───── Collected data

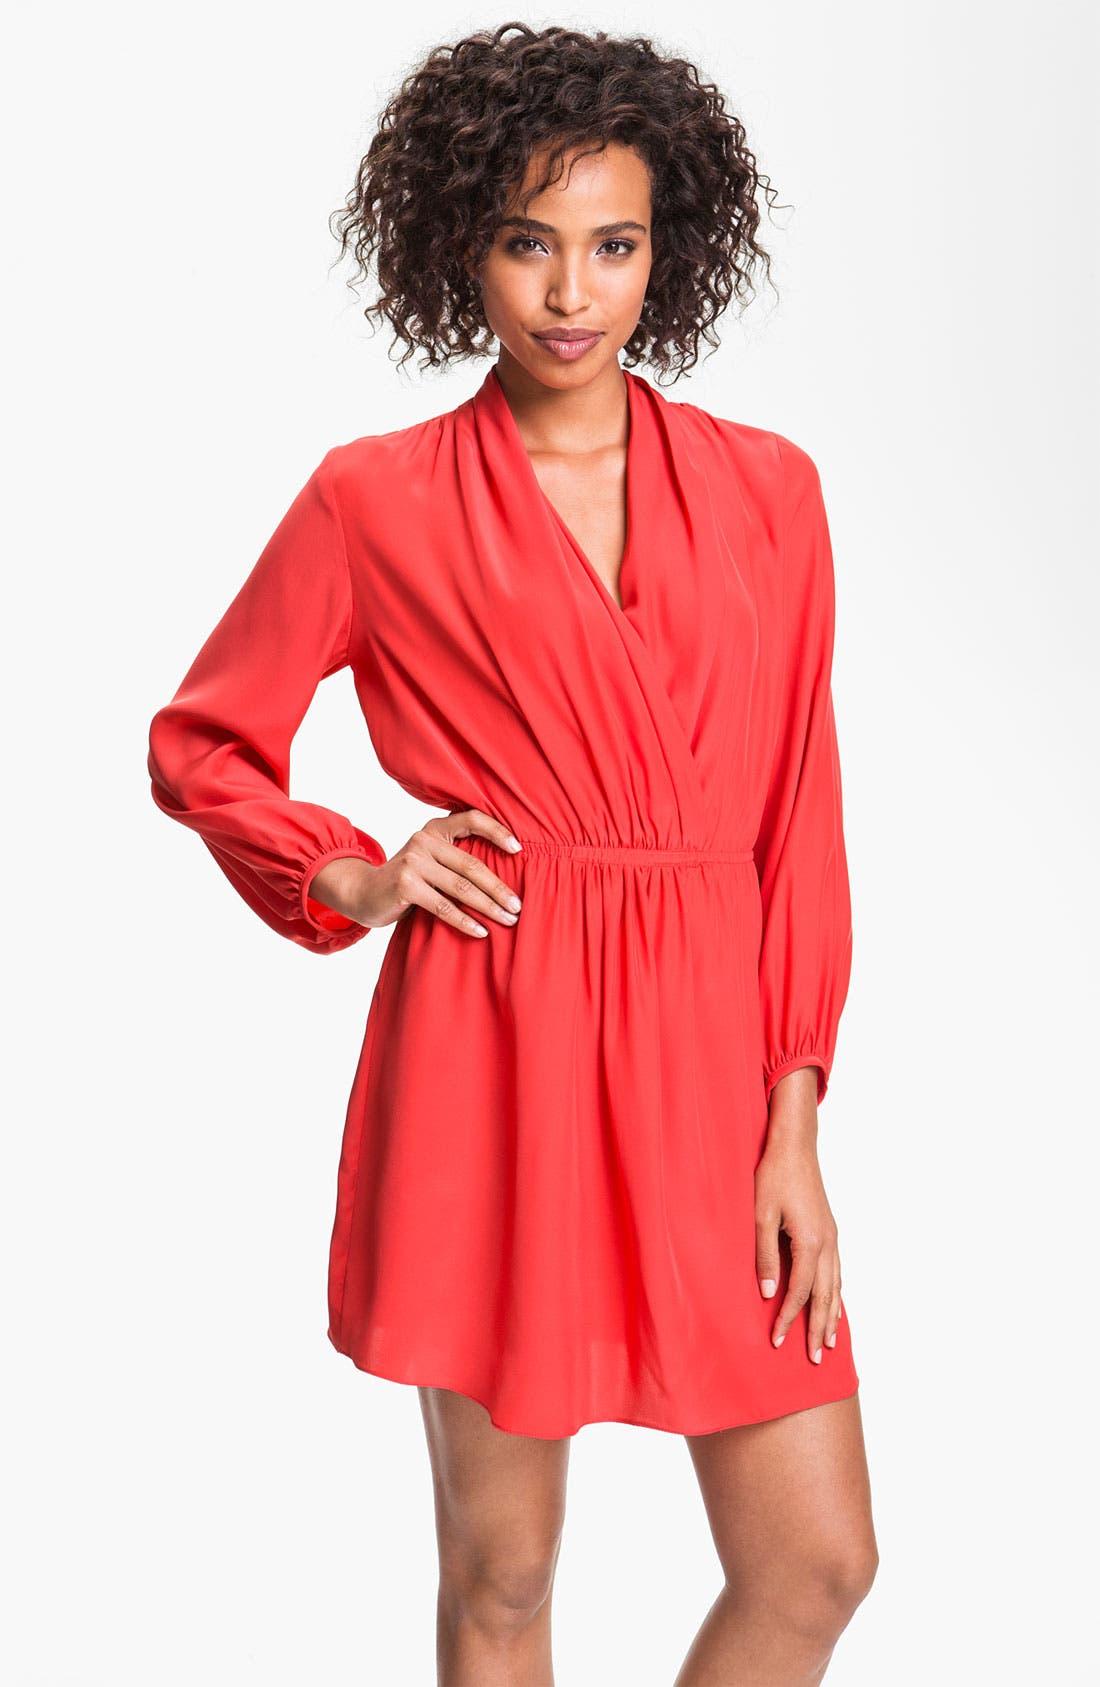 Alternate Image 1 Selected - ALICE & TRIXIE 'Joyce' Surplice Silk Blouson Dress
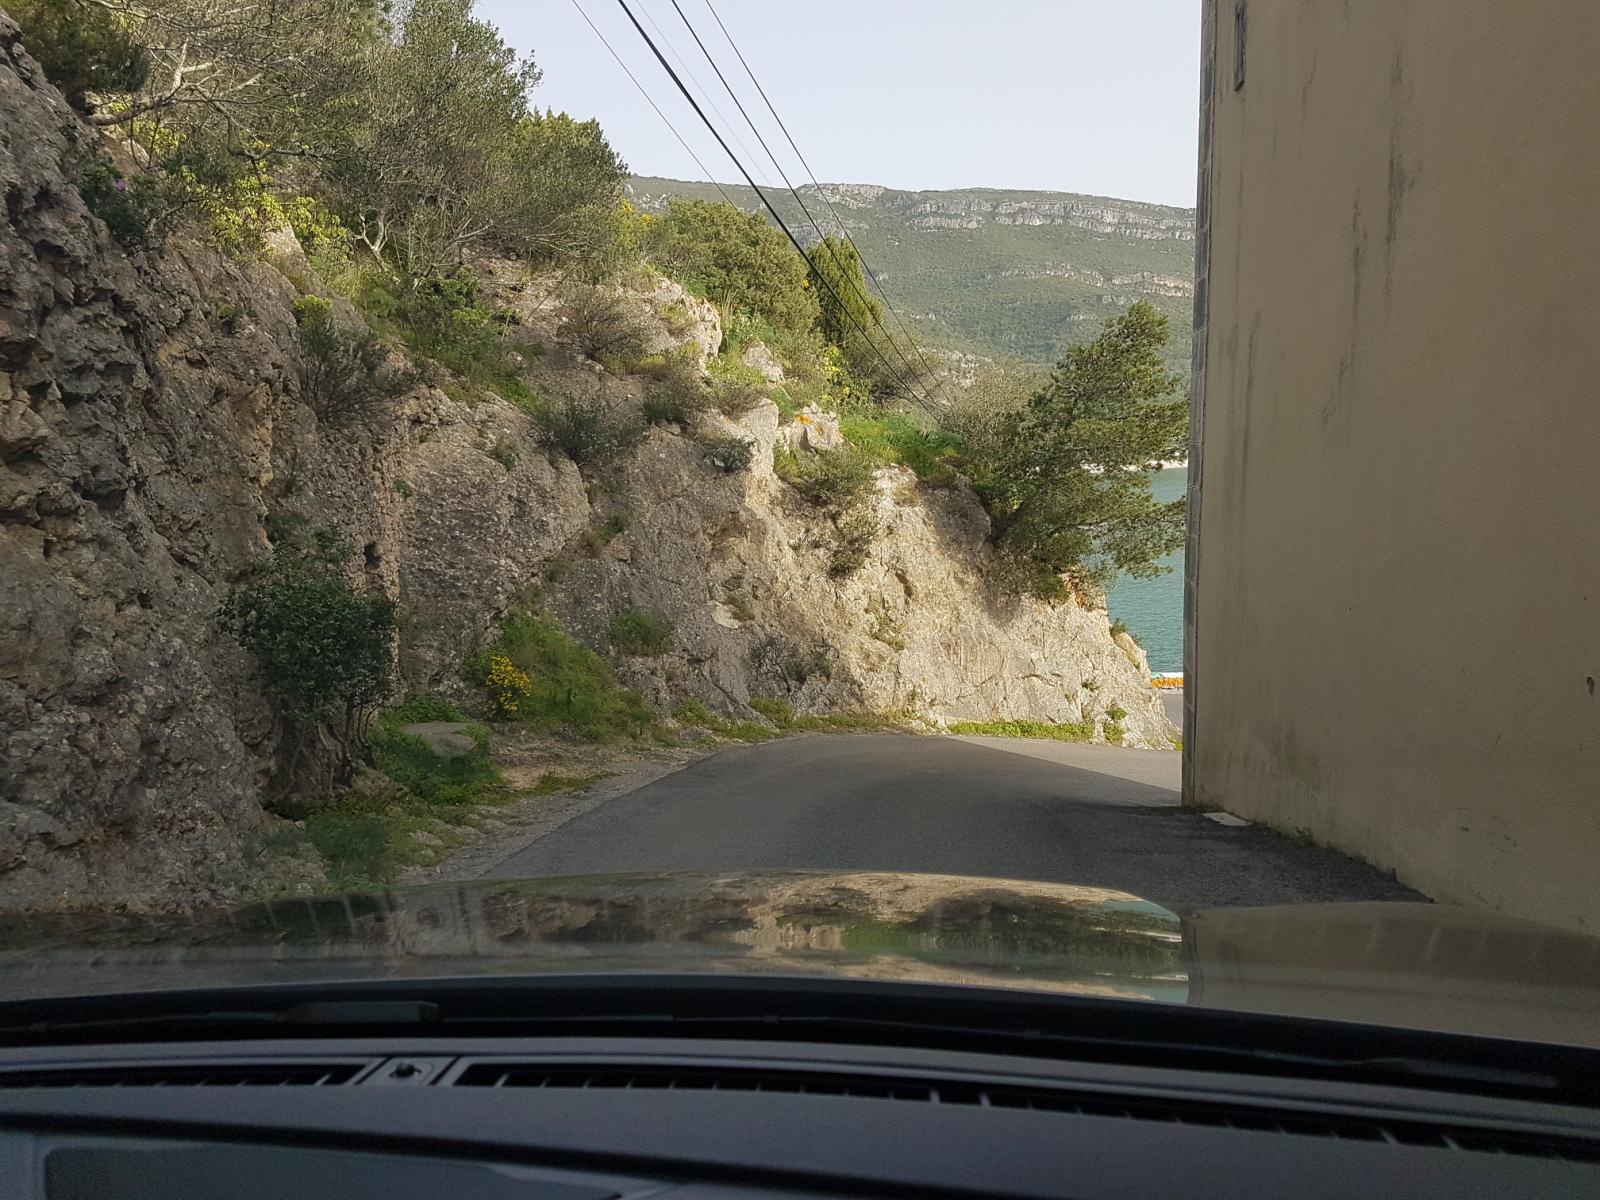 Droga w Portugalii
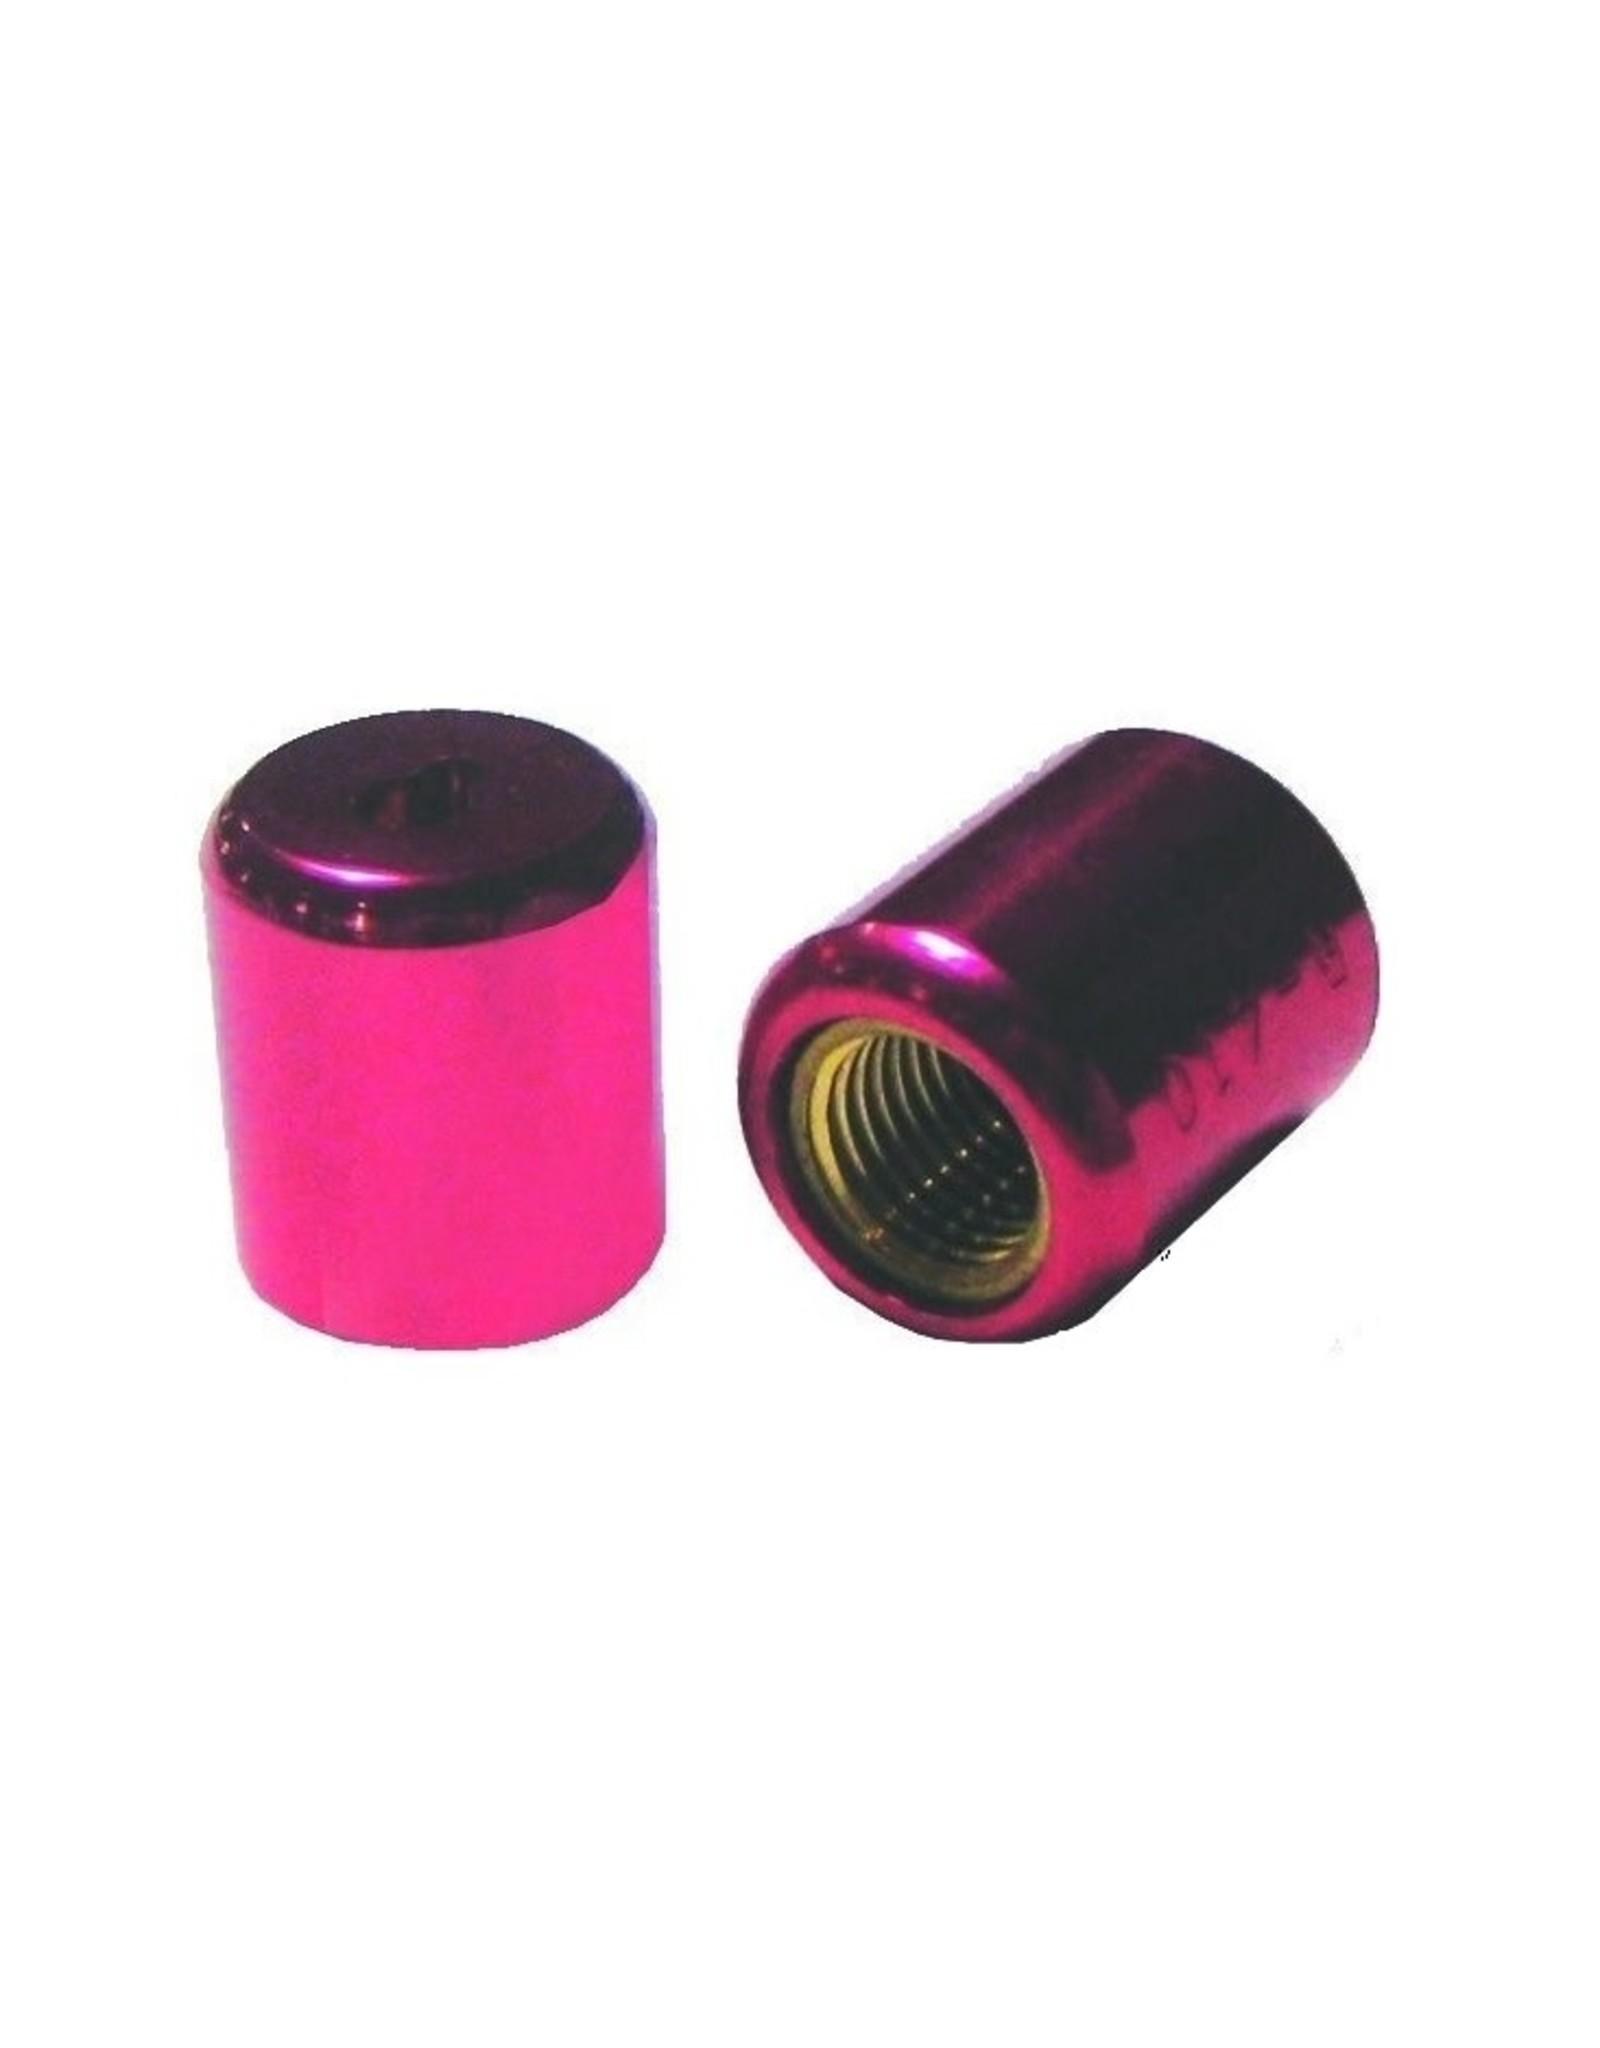 "Daikin Applied Americas NoVent  Refrigerant Safety Cap  Pink R410A  VRV Ductless  5/16"""

──────────

Work to complete: When you restate the listing above, give each line word for word but leave out every image.

Task output:
 Alternate Image 1 Selected - ALICE & TRIXIE 'Joyce' Surplice Silk Blouson Dress
 Droga w Portugalii
 "Daikin Applied Americas NoVent  Refrigerant Safety Cap  Pink R410A  VRV Ductless  5/16"""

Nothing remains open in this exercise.